Let's simplify the expression ((a+1)^2 + (a-1)^2) / (3a^2 + 3) step by step.
Expanding the numerators:((a+1)^2 + (a-1)^2) = (a^2 + 2a + 1) + (a^2 - 2a + 1) = 2a^2 + 2
Expanding the denominator:3a^2 + 3
Now we can rewrite the expression as:(2a^2 + 2) / (3a^2 + 3)
Factor out a 2 from the numerator:2(a^2 + 1)
Factor out a 3 from the denominator:3(a^2 + 1)
Now our expression simplifies to:2(a^2 + 1) / 3(a^2 + 1)

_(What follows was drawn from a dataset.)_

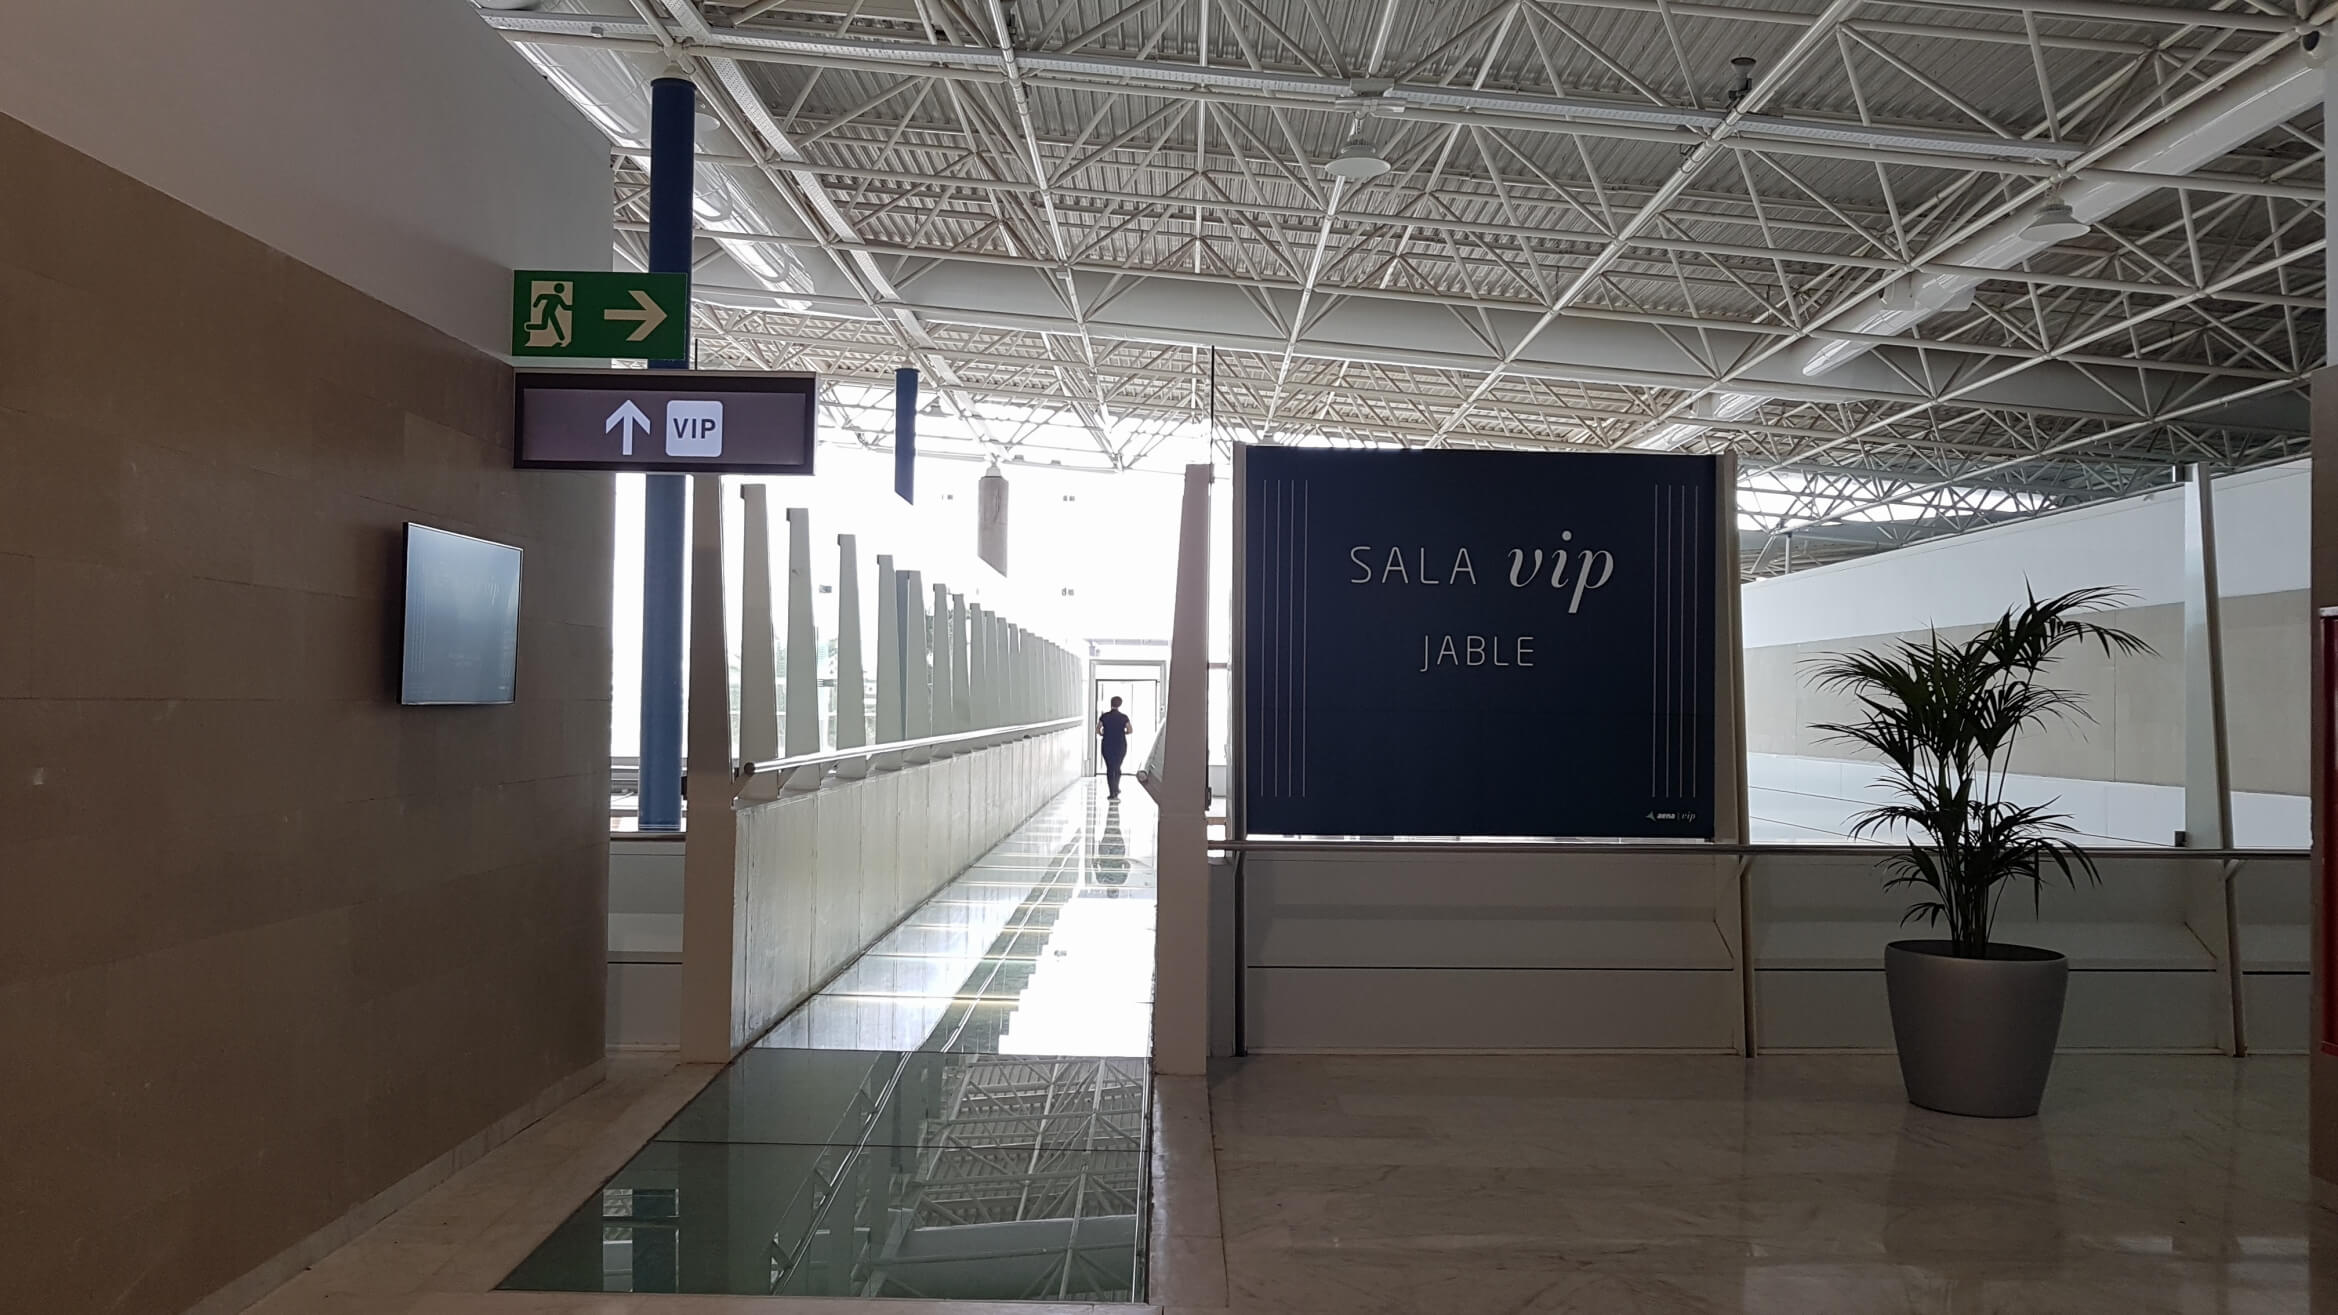 Flughafen Fuerteventura VIP Lounge

Finally, we can cancel out the common factor (a^2 + 1) from the numerator and the denominator:2/3
Therefore, ((a+1)^2 + (a-1)^2) / (3a^2 + 3) simplifies to 2/3.
Let's simplify the expression ((a+1)^2 + (a-1)^2) / (3a^2 + 3) step by step.
Expanding the numerators:
((a+1)^2 + (a-1)^2) = (a^2 + 2a + 1) + (a^2 - 2a + 1) = 2a^2 + 2
Expanding the denominator:
3a^2 + 3
Now we can rewrite the expression as:
(2a^2 + 2) / (3a^2 + 3)
Factor out a 2 from the numerator:
2(a^2 + 1)
Factor out a 3 from the denominator:
3(a^2 + 1)
Now our expression simplifies to:
2(a^2 + 1) / 3(a^2 + 1)
Finally, we can cancel out the common factor (a^2 + 1) from the numerator and the denominator:
2/3
Therefore, ((a+1)^2 + (a-1)^2) / (3a^2 + 3) simplifies to 2/3.